(YOUR TASK):
Your answer must be the exact lines from the one with "Батарея к ИБП" to the end of the data, both included, with no pictures.

(SOURCE MATERIAL):
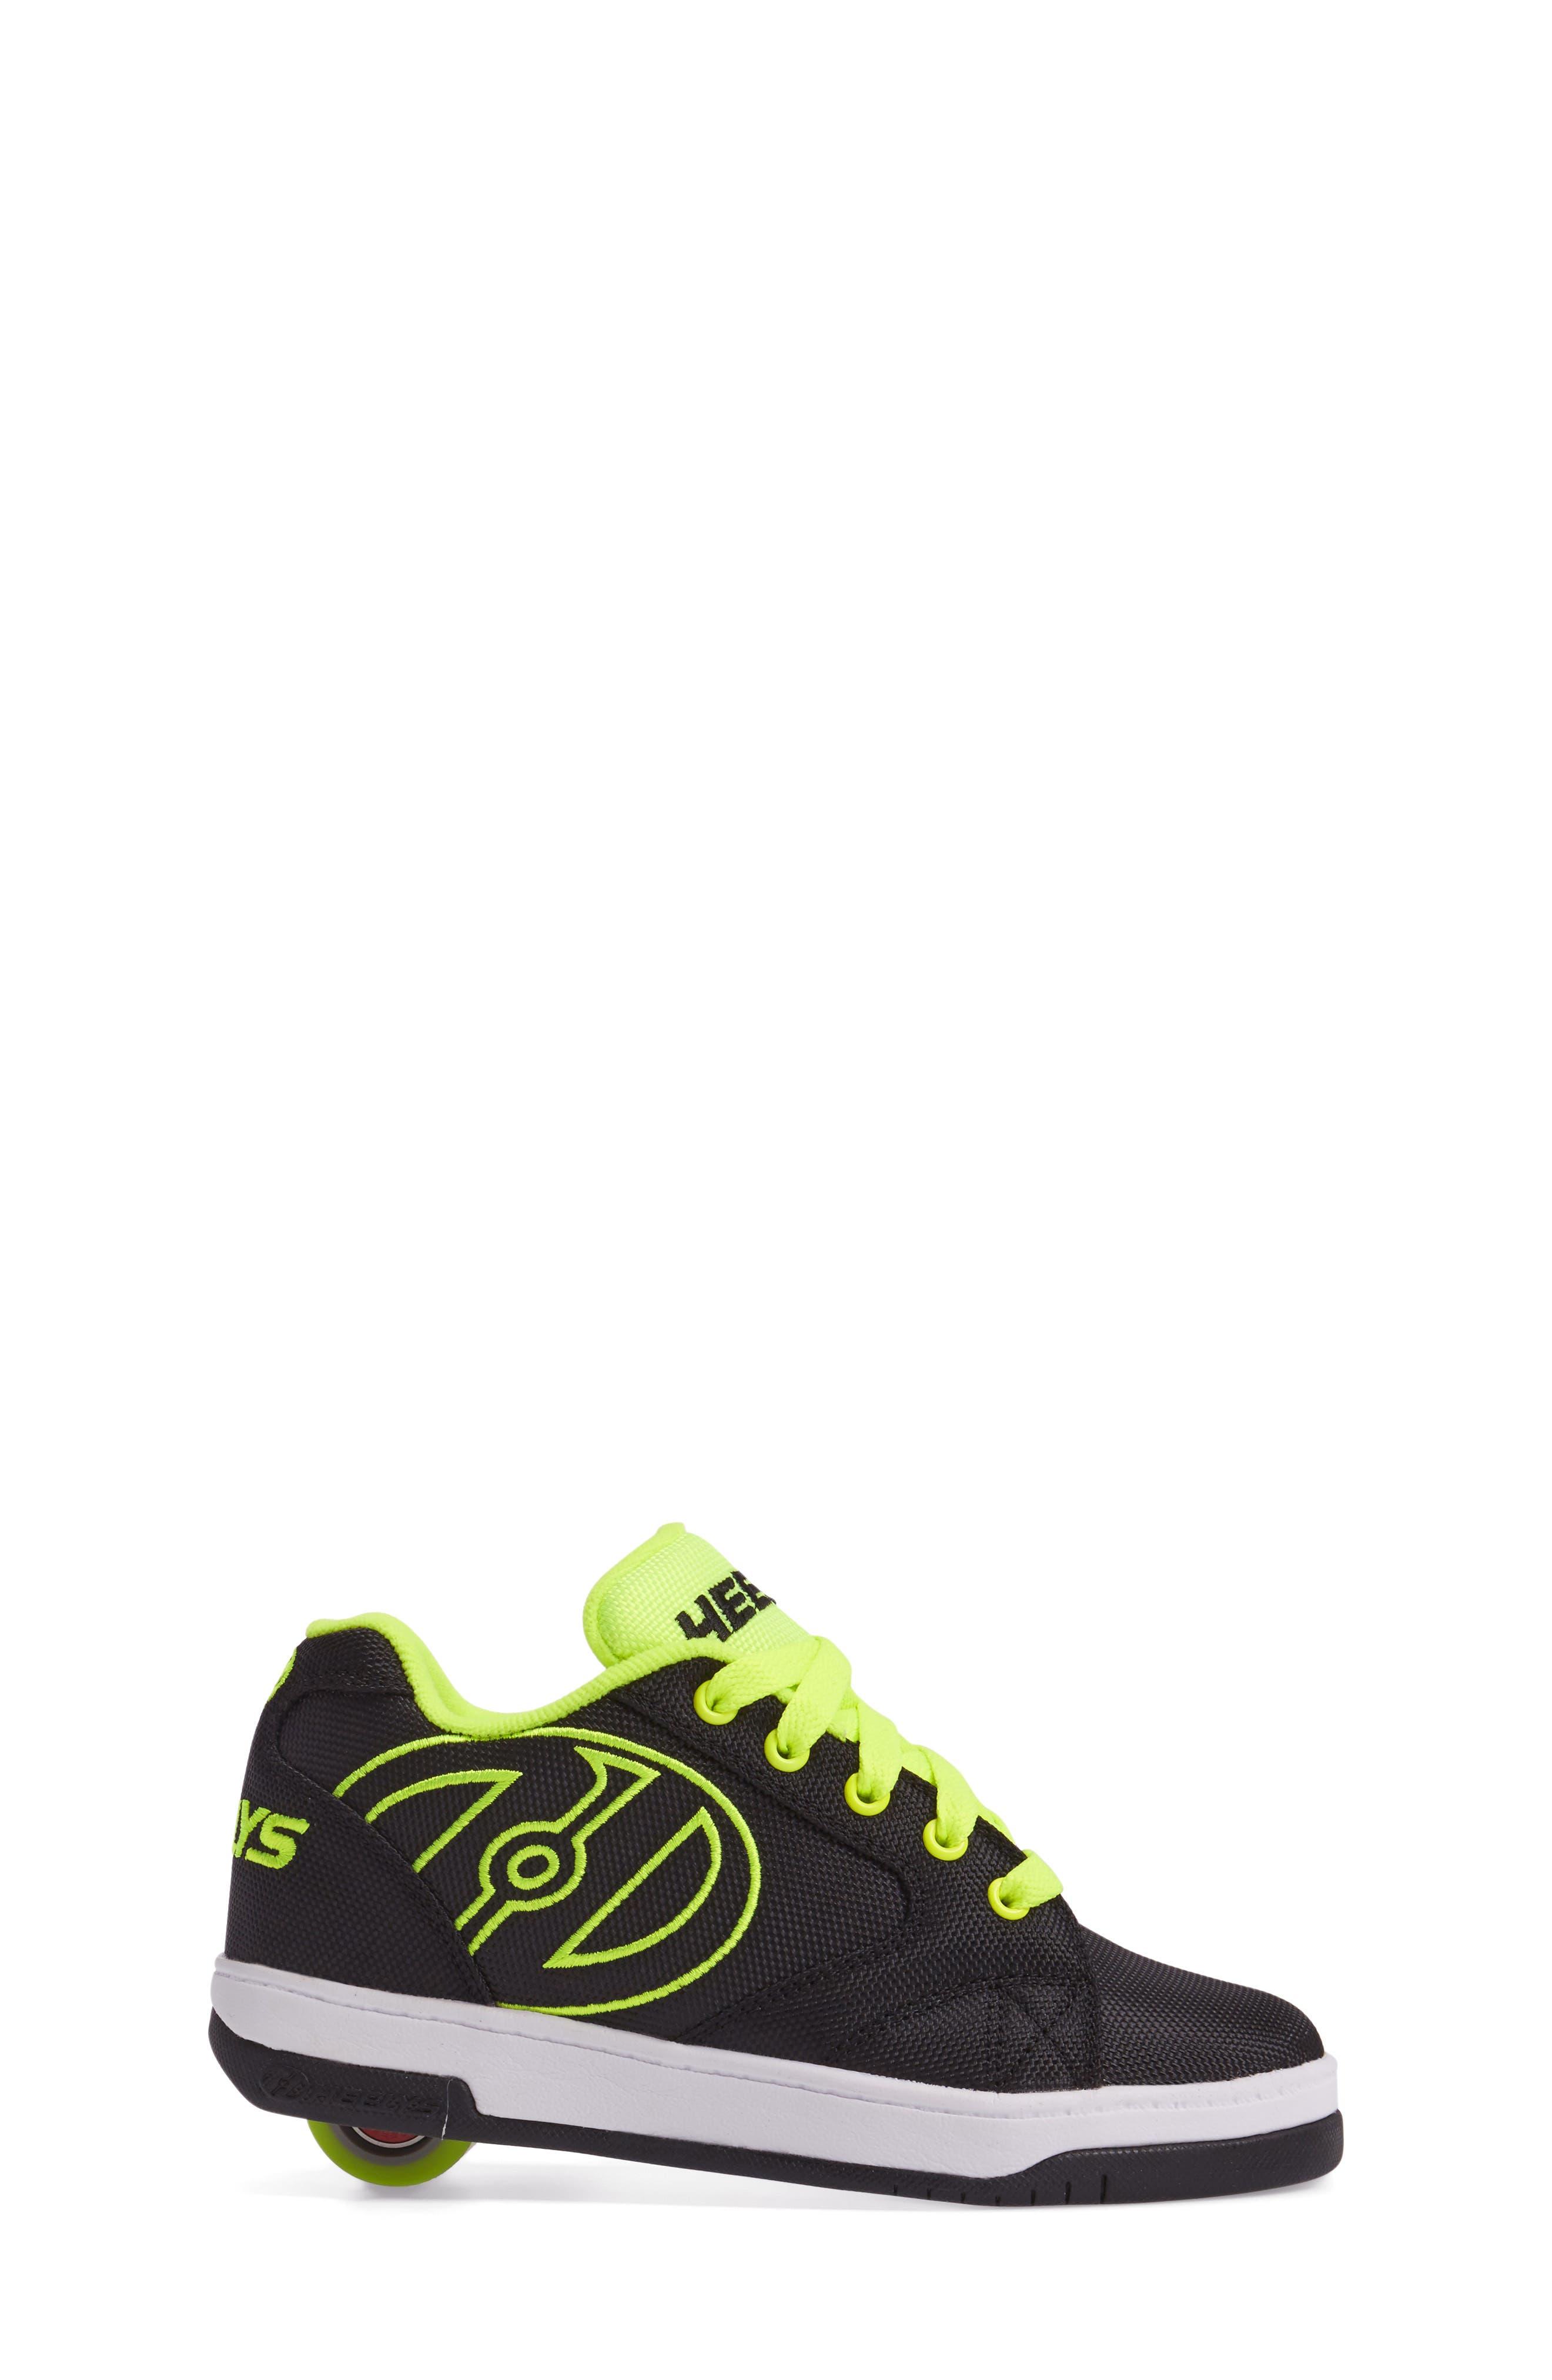 HEELYS,                             'Propel 2.0' Wheeled Sneaker,                             Alternate thumbnail 3, color,                             018
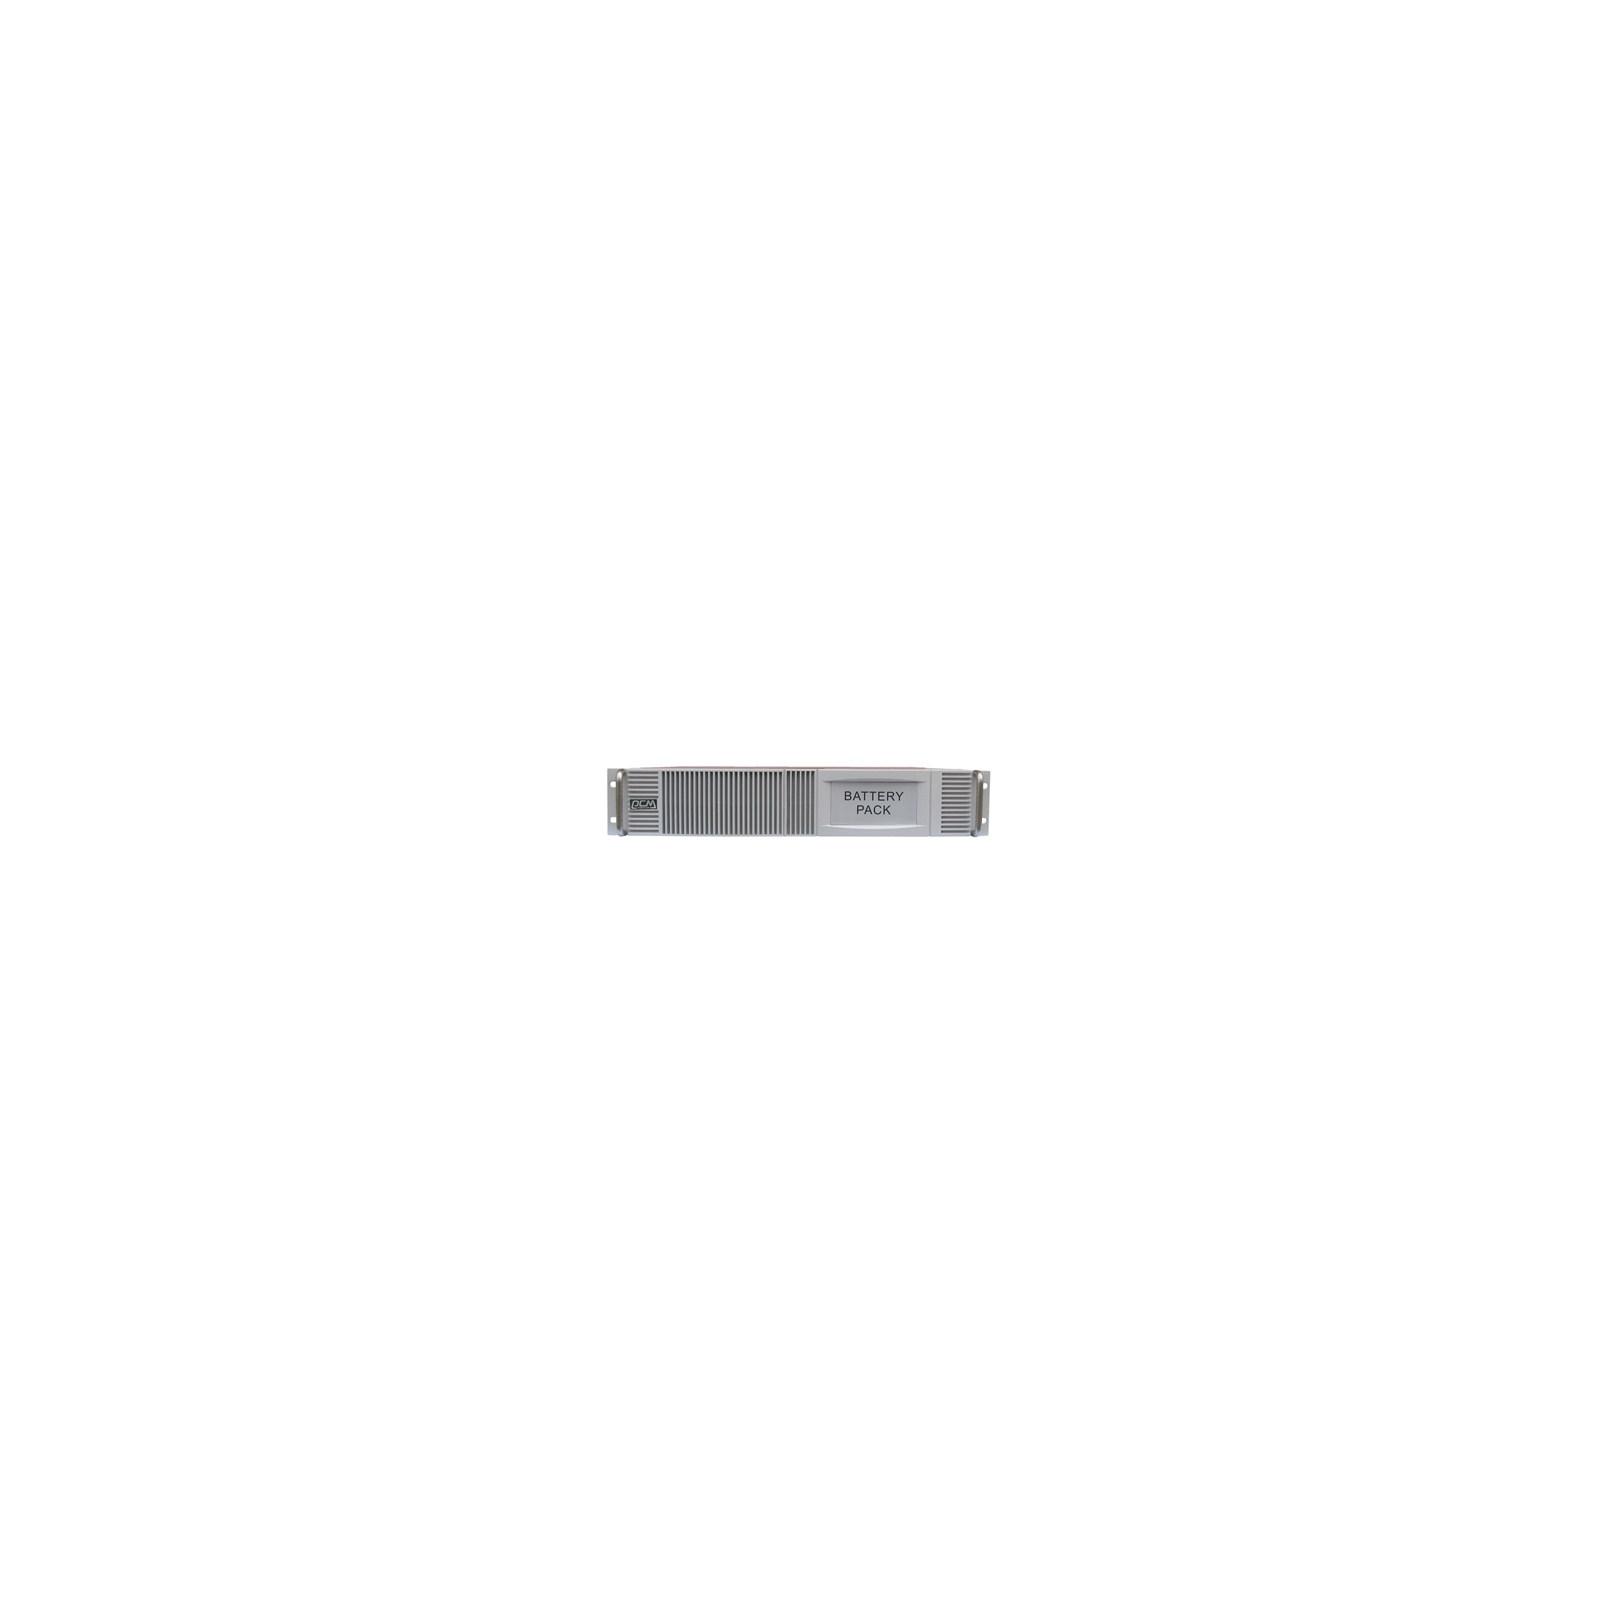 Батарея к ИБП VGD-2000/3000 RM Powercom (RM-2K)
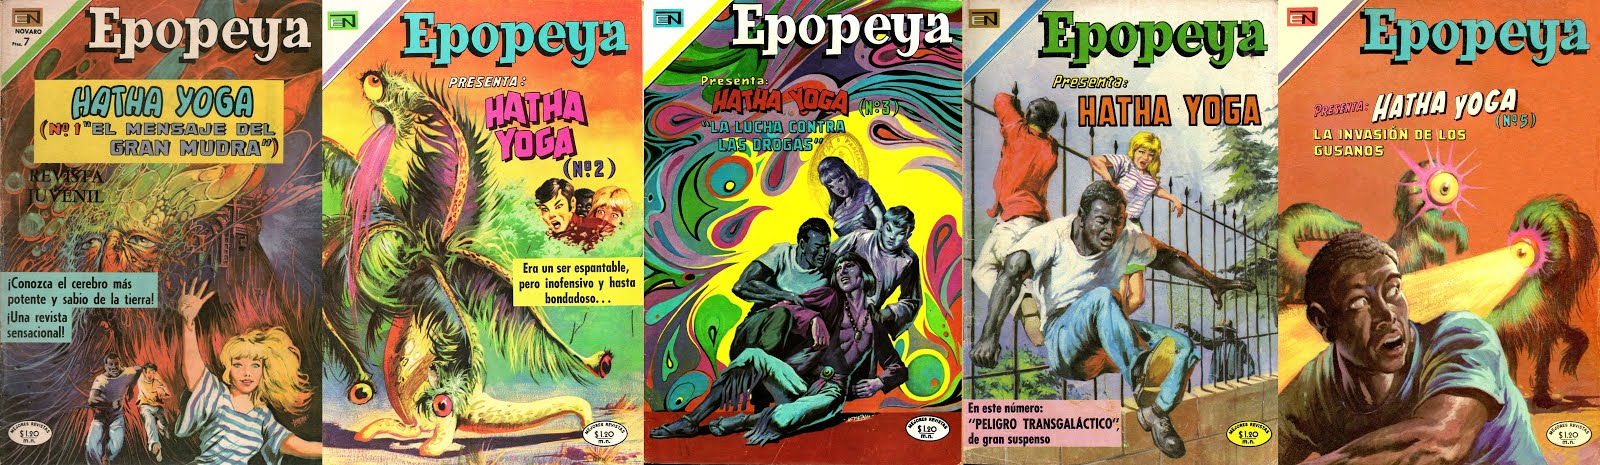 Hatha-Yoga en Epopeya Novaro - Completo

(ANSWER TO THE PROBLEM):
 Батарея к ИБП VGD-2000/3000 RM Powercom (RM-2K)
 Hatha-Yoga en Epopeya Novaro - Completo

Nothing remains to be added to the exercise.